In 2018, autonomous driving accelerated the pace. In the United States, dozens of companies have launched a flood of test vehicles on the roads. One of the consequences has been the increase in accidents where these cars converge. Some, like the outrage carried out by a vehicle of Uber or the shock of a Tesla in function Autopilot, have thrown mortal victims.
Technology is in a process of improvement, to which these tests contribute. One of the aspects that have to be polished are the databases. And within these there is a factor of enormous importance. It deals with the classification or labeling of the images.
The labeling belongs to the technical insides of the autonomous driving systems. It can be compared with the cognitive capacity that every vehicle that wants to guide itself should have.
Of course, the labeling of the images is one of the keys of the vehicle that can not fail. The deep-learning specialist Lucas García, from MathWorks, who develops analytical software for autonomous cars, highlighted the importance of this factor in a conference during the Big Data Spain event. In conversation with EL PAÍS, this mathematician, who has also been a researcher at the Complutense University of Madrid, summarized the question: “A bad labeling of the data can result in an algorithm that is not able to solve problems correctly
This coupled with a compromised situation on the road makes the vehicle more prone to an accident. If the cameras of an autonomous car are his eyes, the way he knows reality, the labeling of the database is his cognitive capacity. By comparing with the database the vehicle understands its environment.
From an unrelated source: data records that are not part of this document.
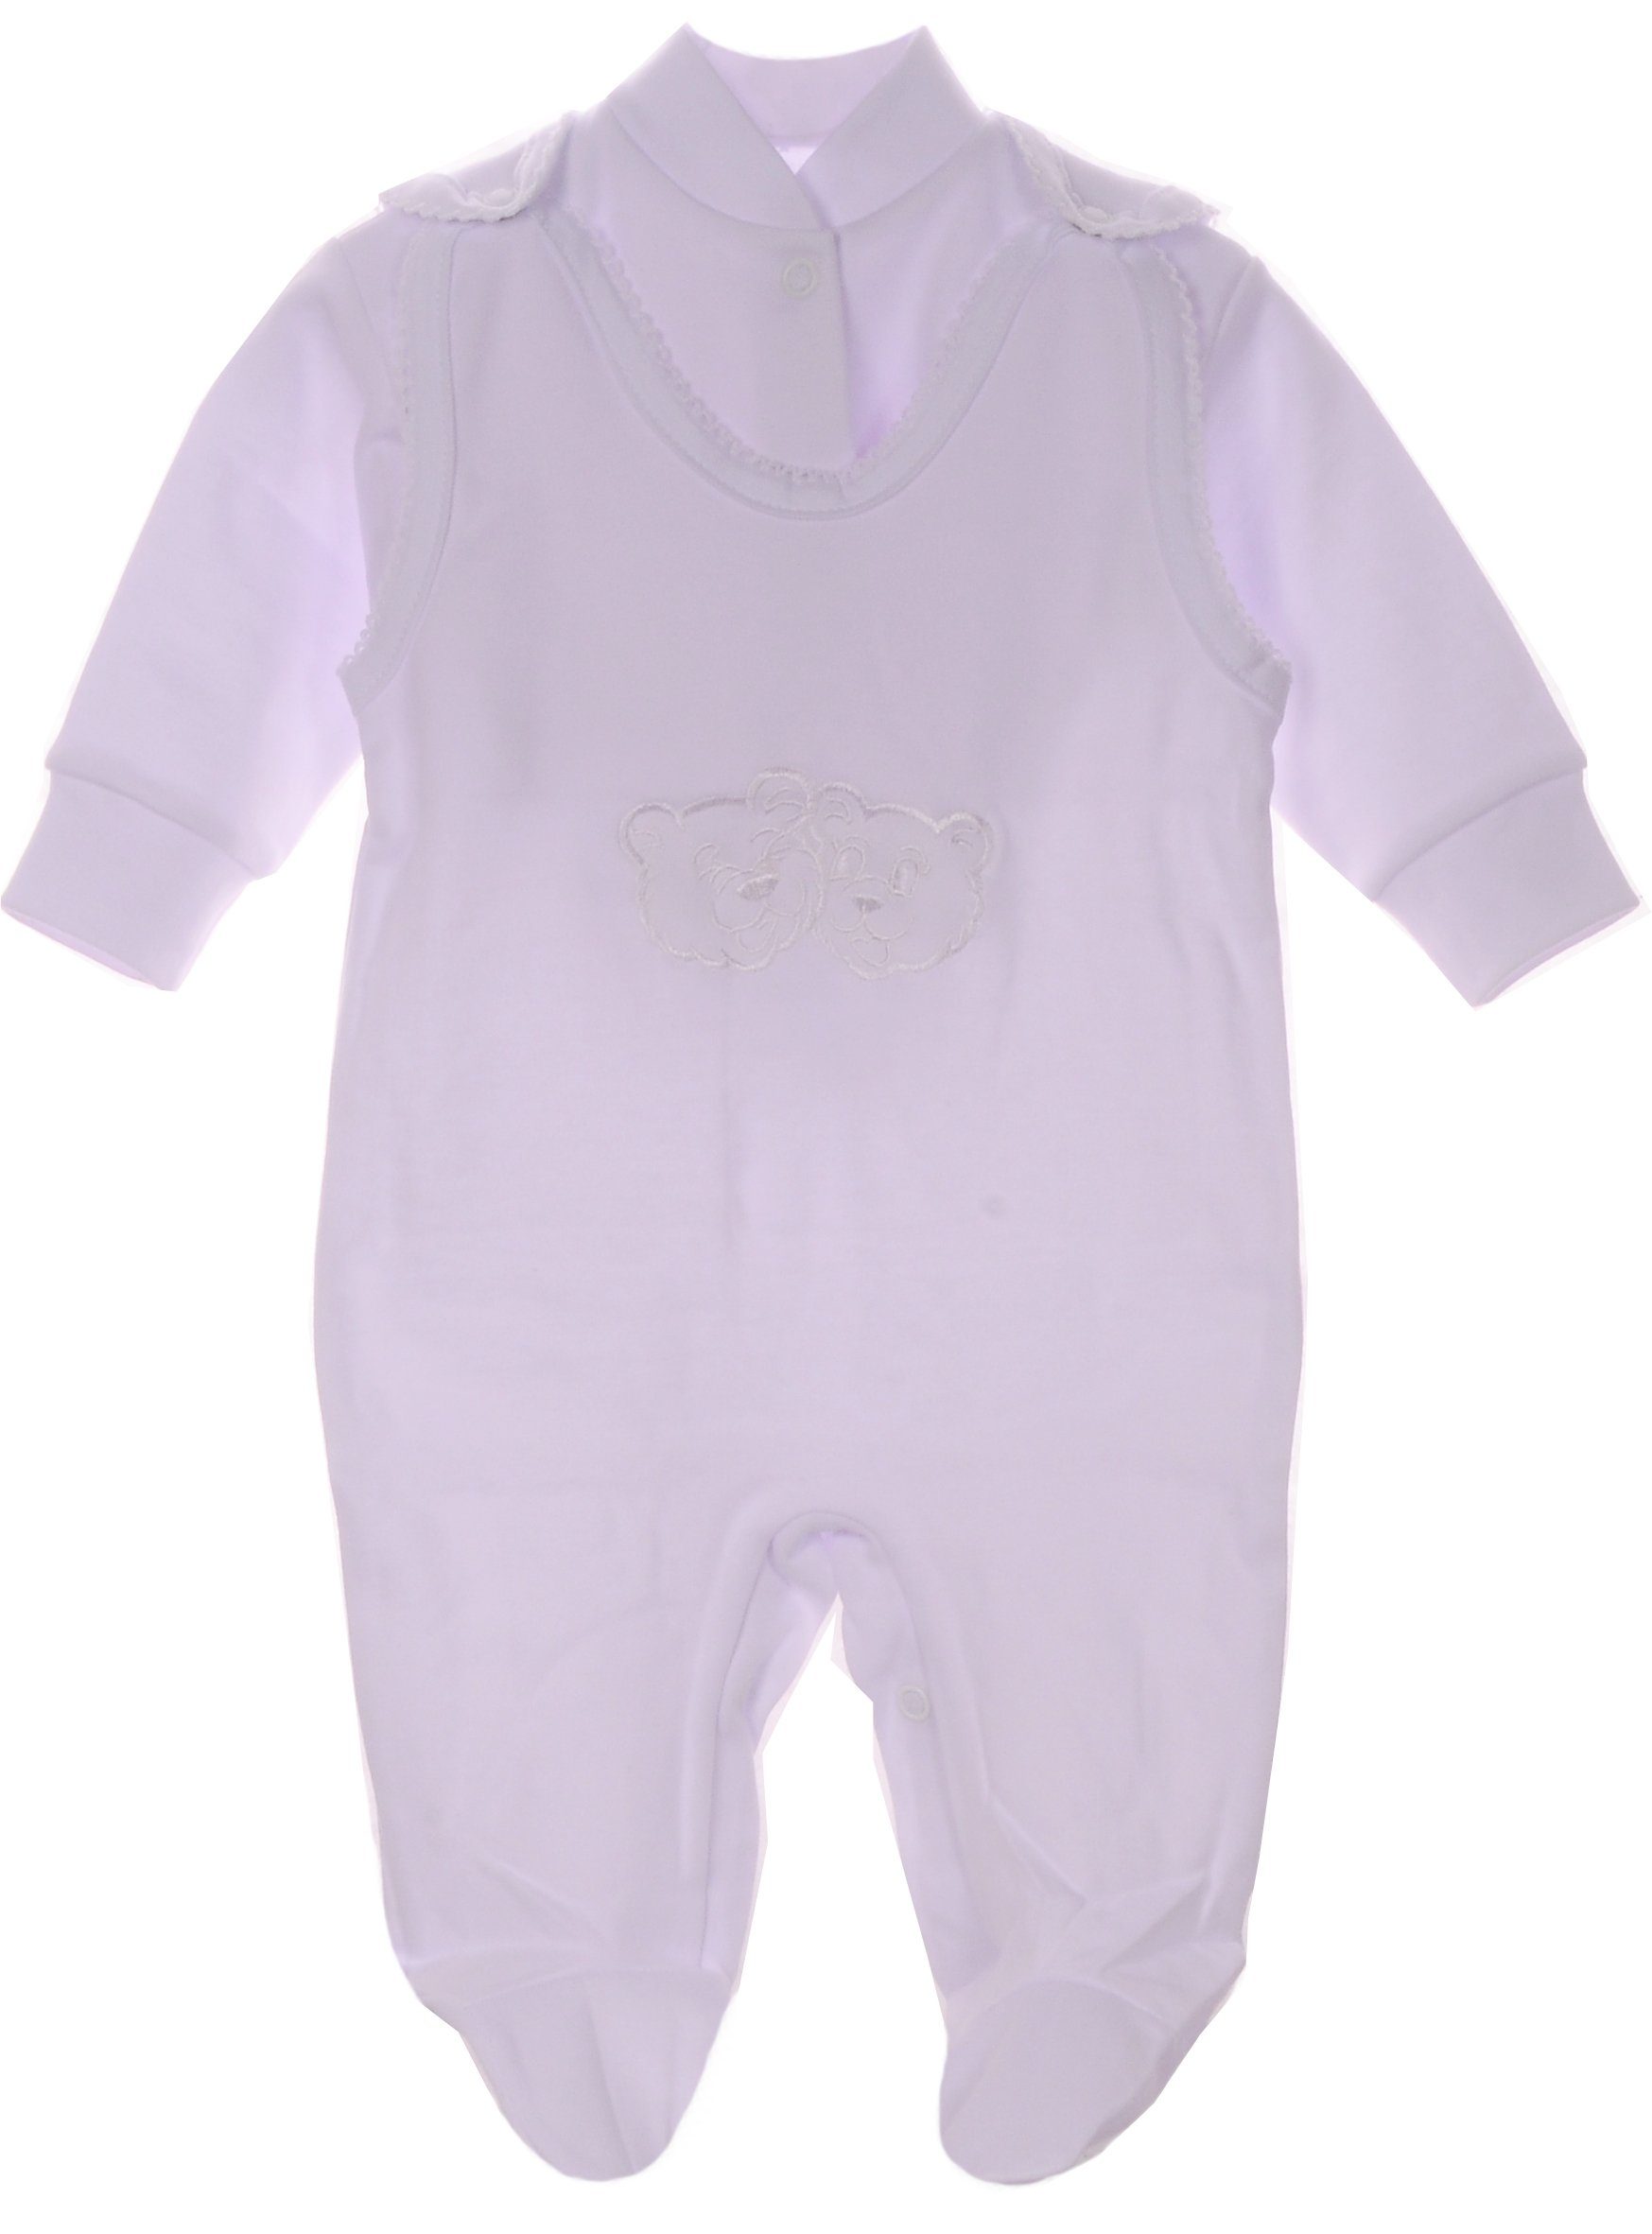 La Bortini Strampler Baby Anzug in Weiß Strampler Hemdchen Set 50 56 62 68 74 80
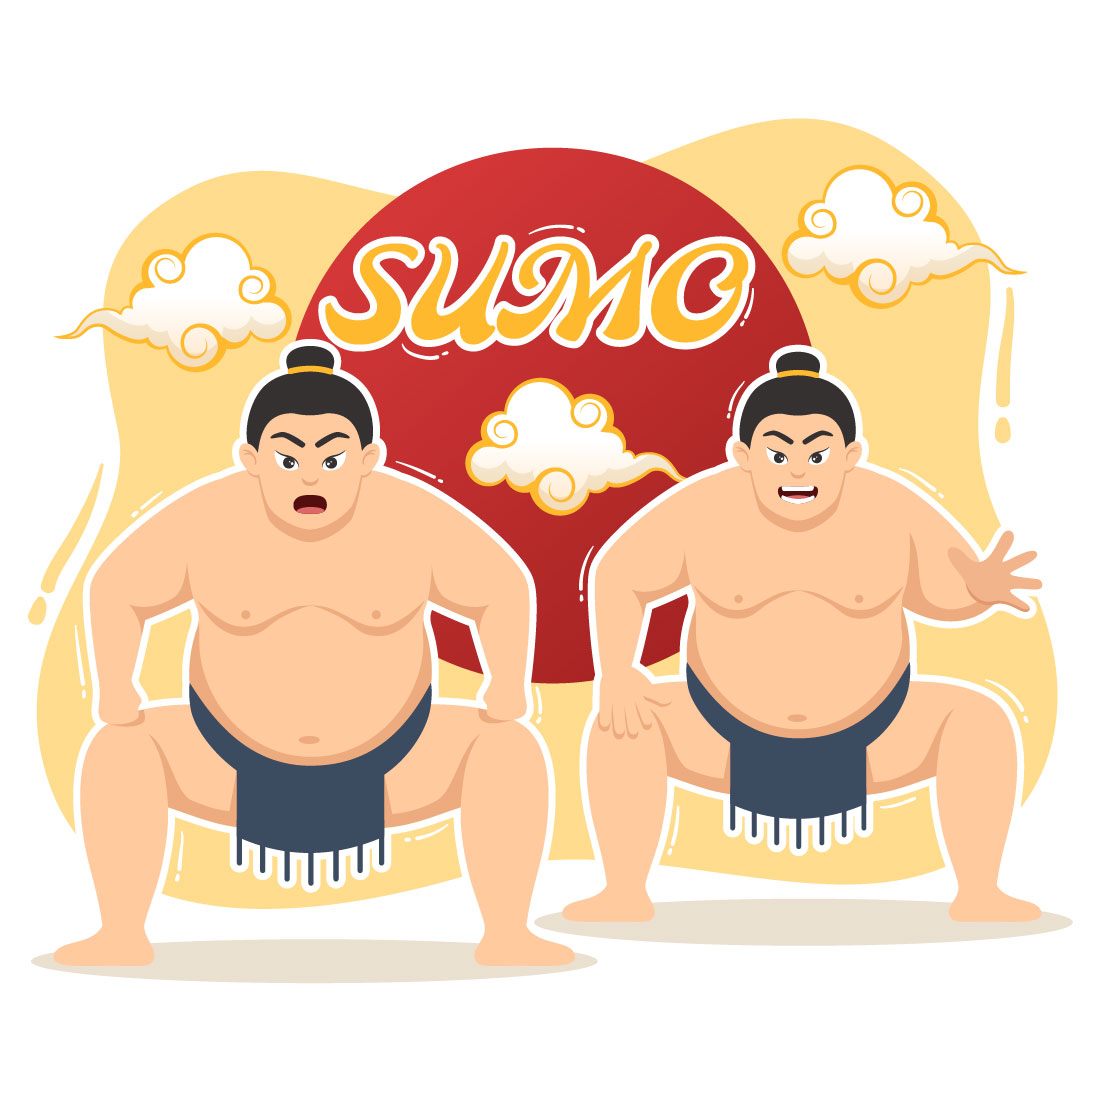 10 Sumo Wrestler Illustration cover image.
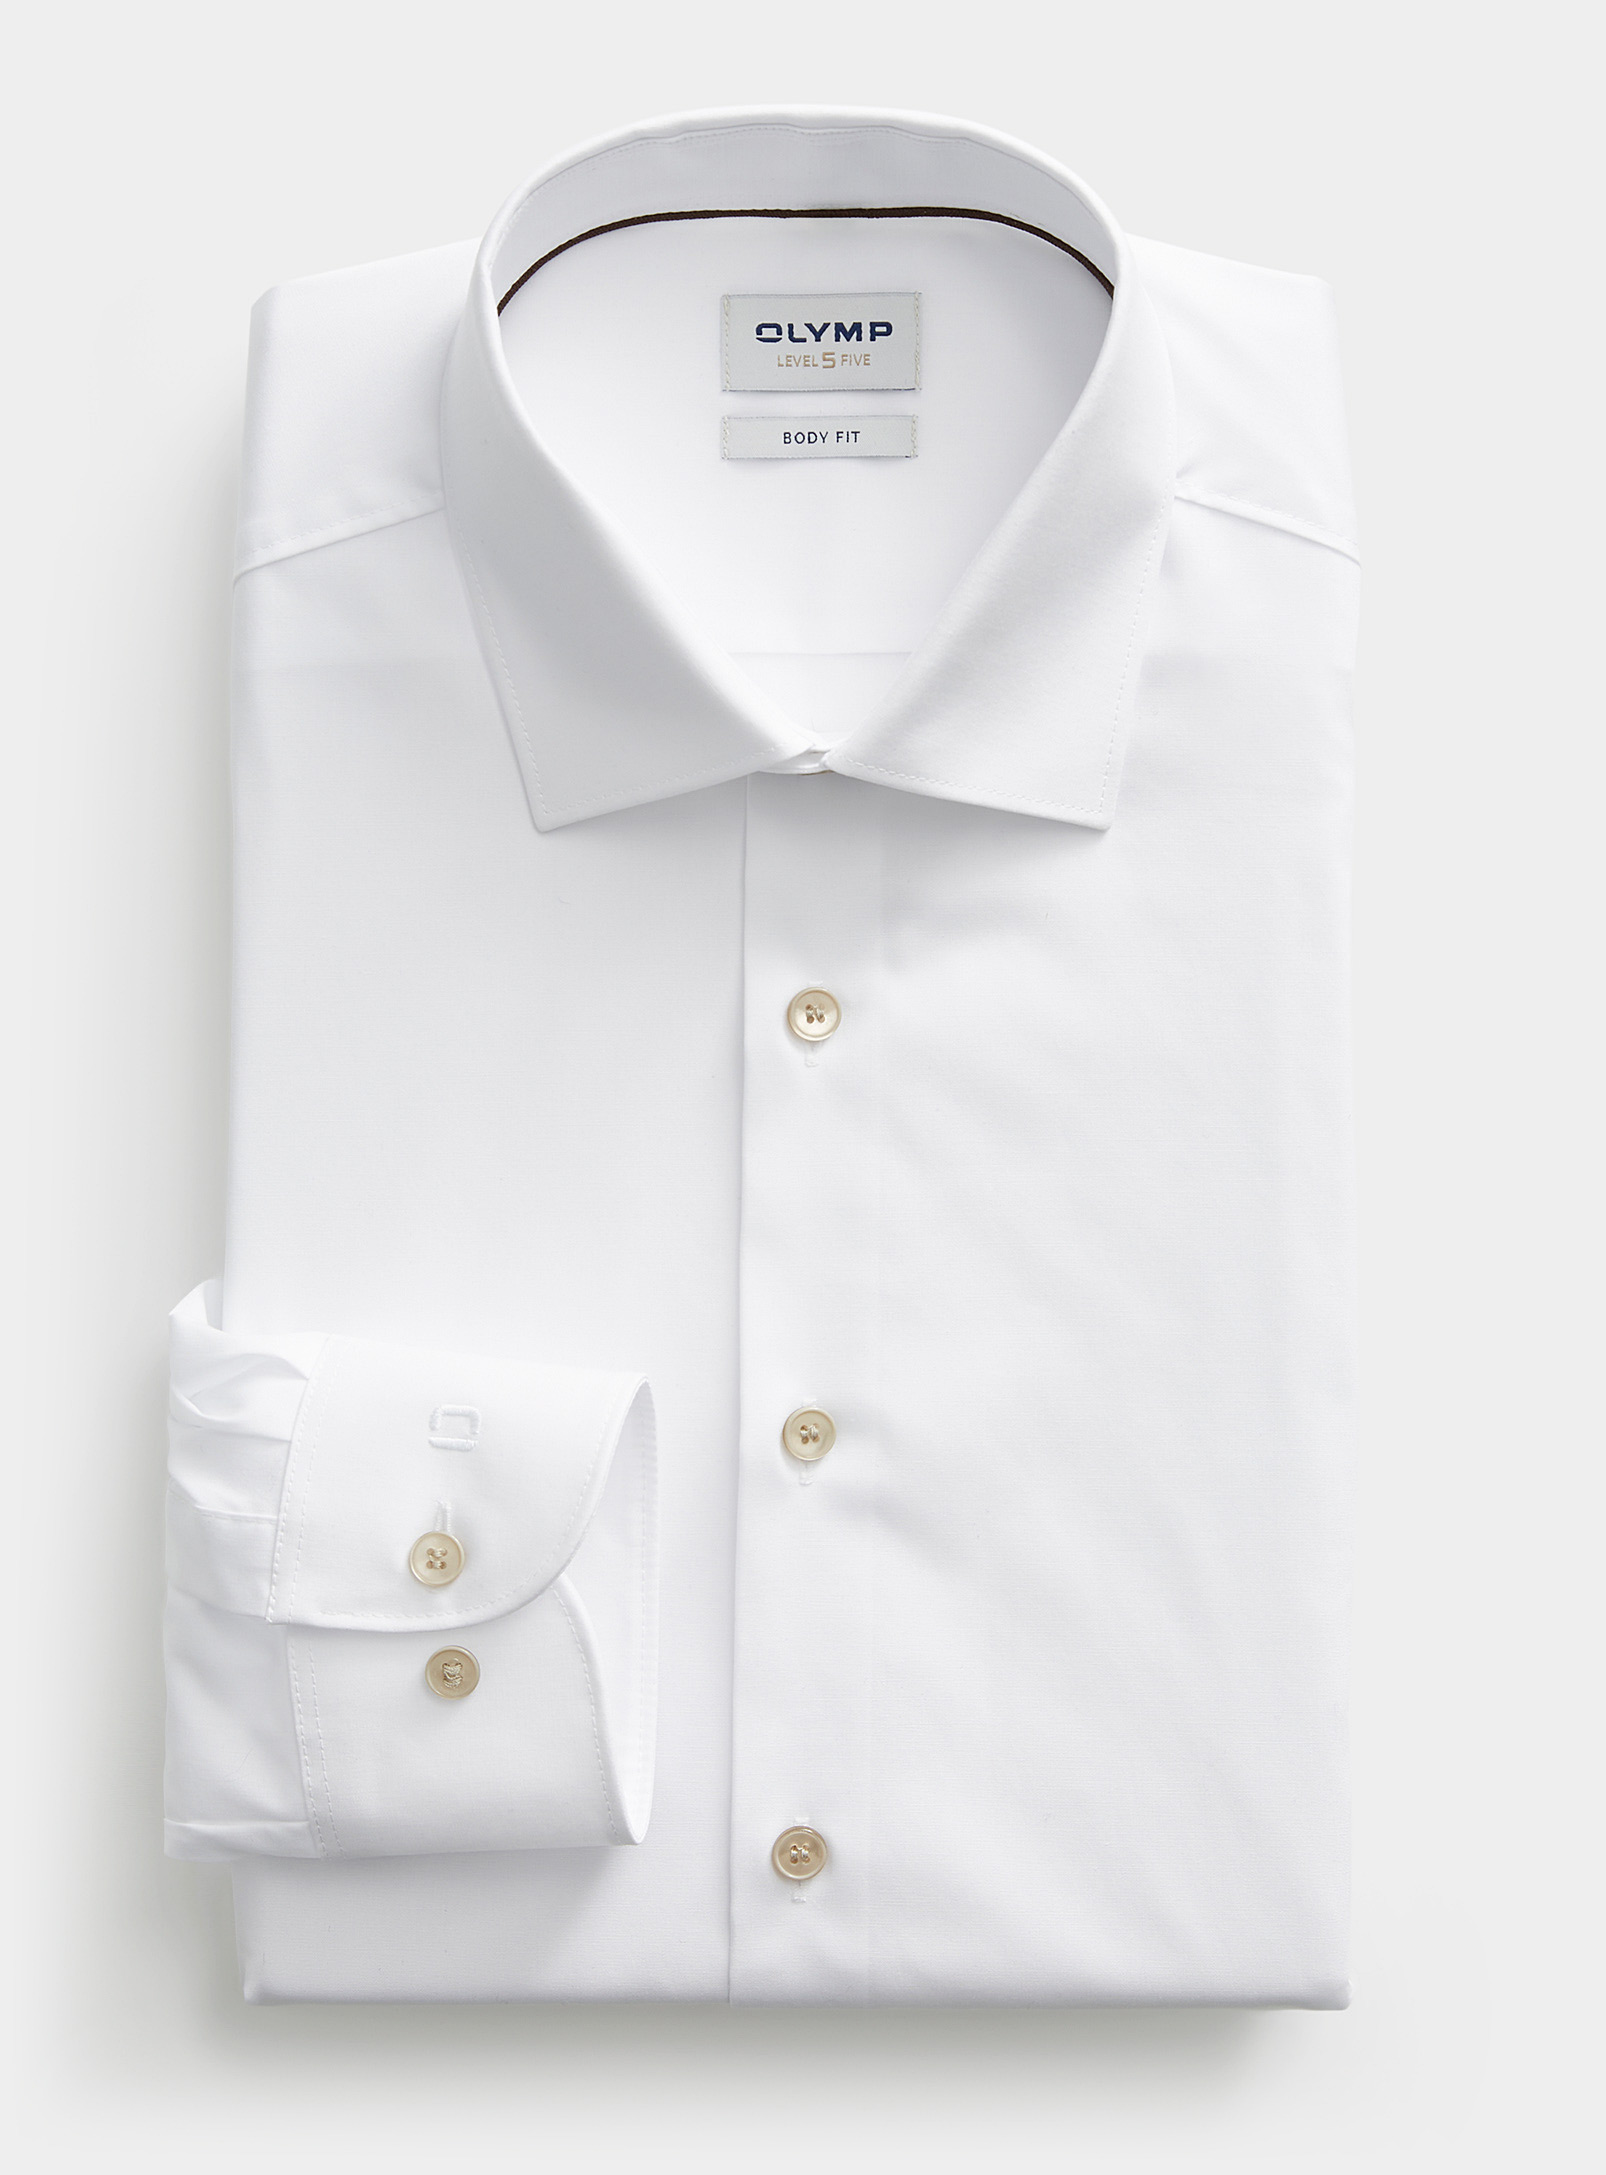 Olymp - La chemise blanche coton extensible Coupe moderne

For the car to make good decisions two basic circumstances are needed. “If we want to create an algorithm that detects pedestrians, cyclists and other vehicles very well, we must first have done a process of collecting data and signals provided by the sensors,” Garcia points out, adding immediately: “And also we have to label them correctly
Labeling objects in an image is a finer job than it may seem. The classification will be transmitted to the deep learning algorithm or neural network, which makes the decisions of the autonomous car. Therefore, the information has to be as accurate as possible. “One possibility of labeling is that in an image where a car appears we draw a rectangle above to identify that this is the car,” says the mathematician. “Another would be to say exactly to which pixels of the image the car corresponds
The relationship is clear: the more precise the labeling, the better the algorithms that are nurtured from it. Like any system based on artificial intelligence, that of the autonomous car is probabilistic. “The analysis carried out by all these deep learning models is based on a probability,” he says. “Although the systems try to be very robust, if the machine learning model foresees that with a probability of 99.95% what is in front of it is a car, obviously there is a 0.05% chance of it being something else
All these artificial intelligence models have their failure rates. They are design errors that engineers obviously try to reduce. For this there is no other choice but to dedicate time and specialized people to do the labeling. There are solutions, like the ones García works on from MathWorks, to automate the process, but there must always be a human behind to validate the results.
Neural networks that use autonomous cars require millions of images tagged to work. It is an incredible job, with an inevitable manual component. And this only with respect to the images. But there are more sensors that complement the camera, such as radar, proximity detector or lidar. The latter much more expensive to label correctly.